▸ **Problem to work on**: Write the listing out once more, identical to the original but without pictures.
The data: Begin
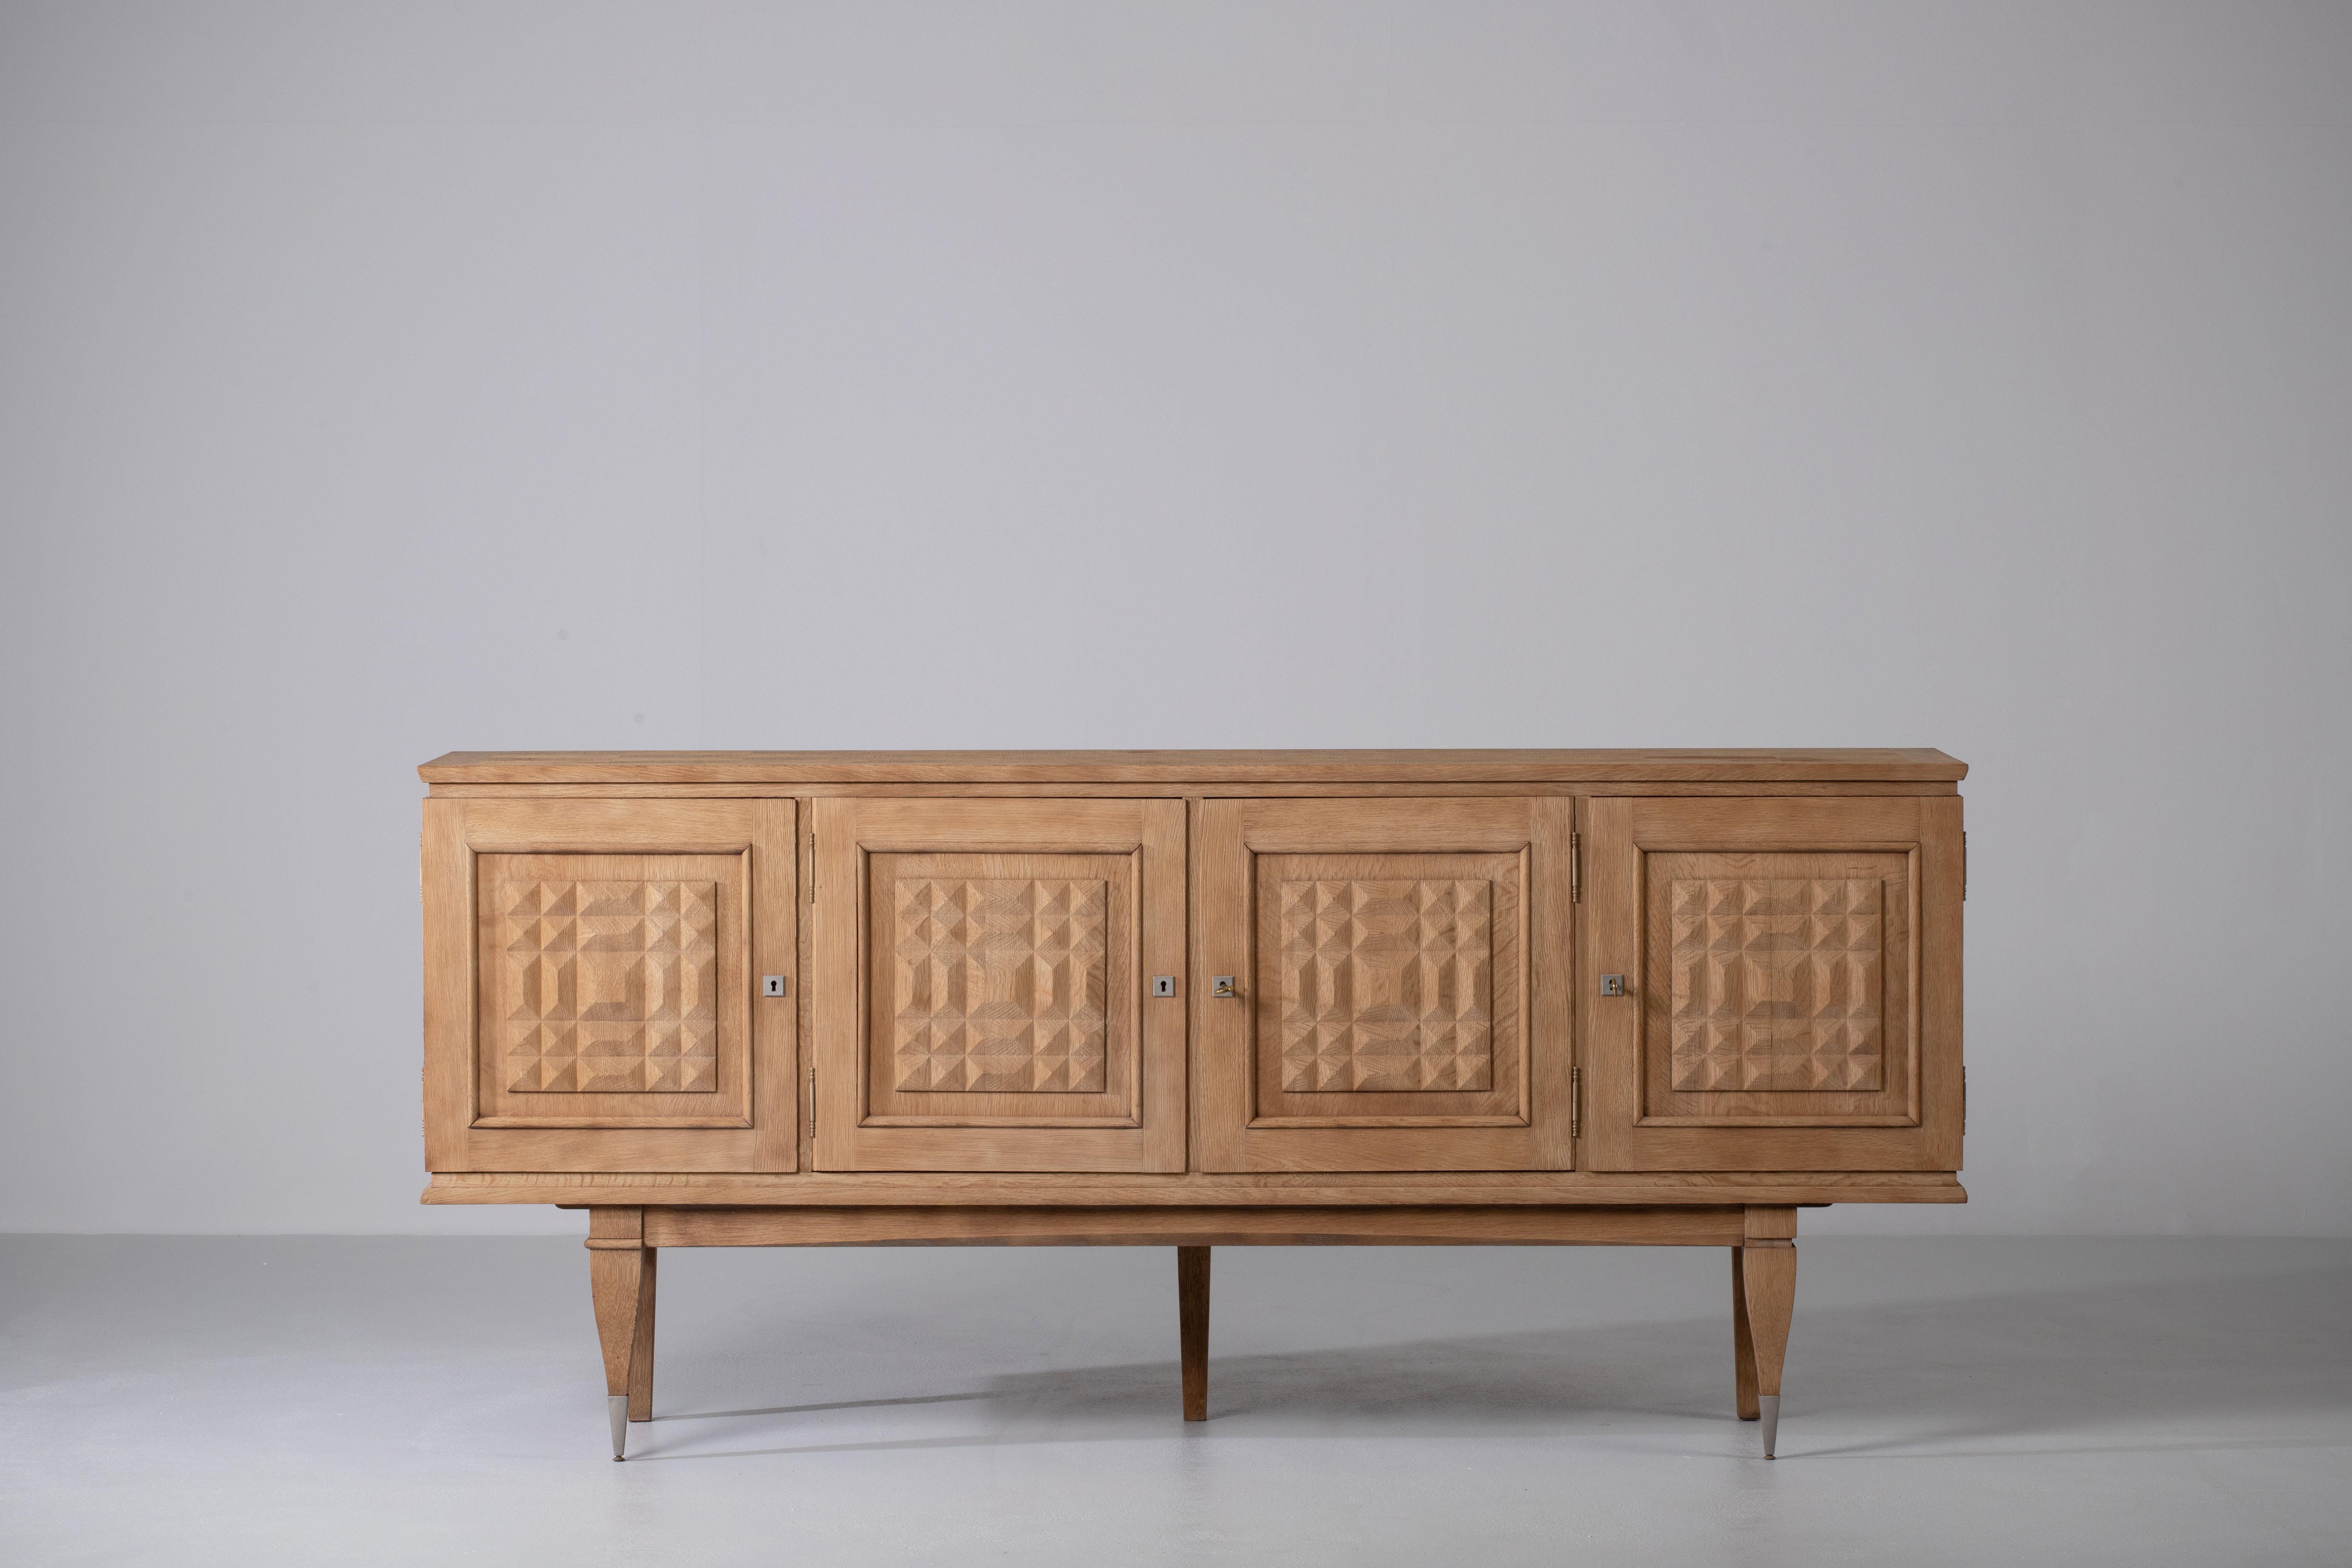 Credenza, solid oak, France, 1940s.
Large Art Deco Brutalist sideboard. 
The credenza consists of two central drawers and three storage facilities and covered with very detailed designed doors. 
The refined wooden structures on the doors create a
The data: End
▸ **Task result**:
 Credenza, solid oak, France, 1940s.
Large Art Deco Brutalist sideboard. 
The credenza consists of two central drawers and three storage facilities and covered with very detailed designed doors. 
The refined wooden structures on the doors create a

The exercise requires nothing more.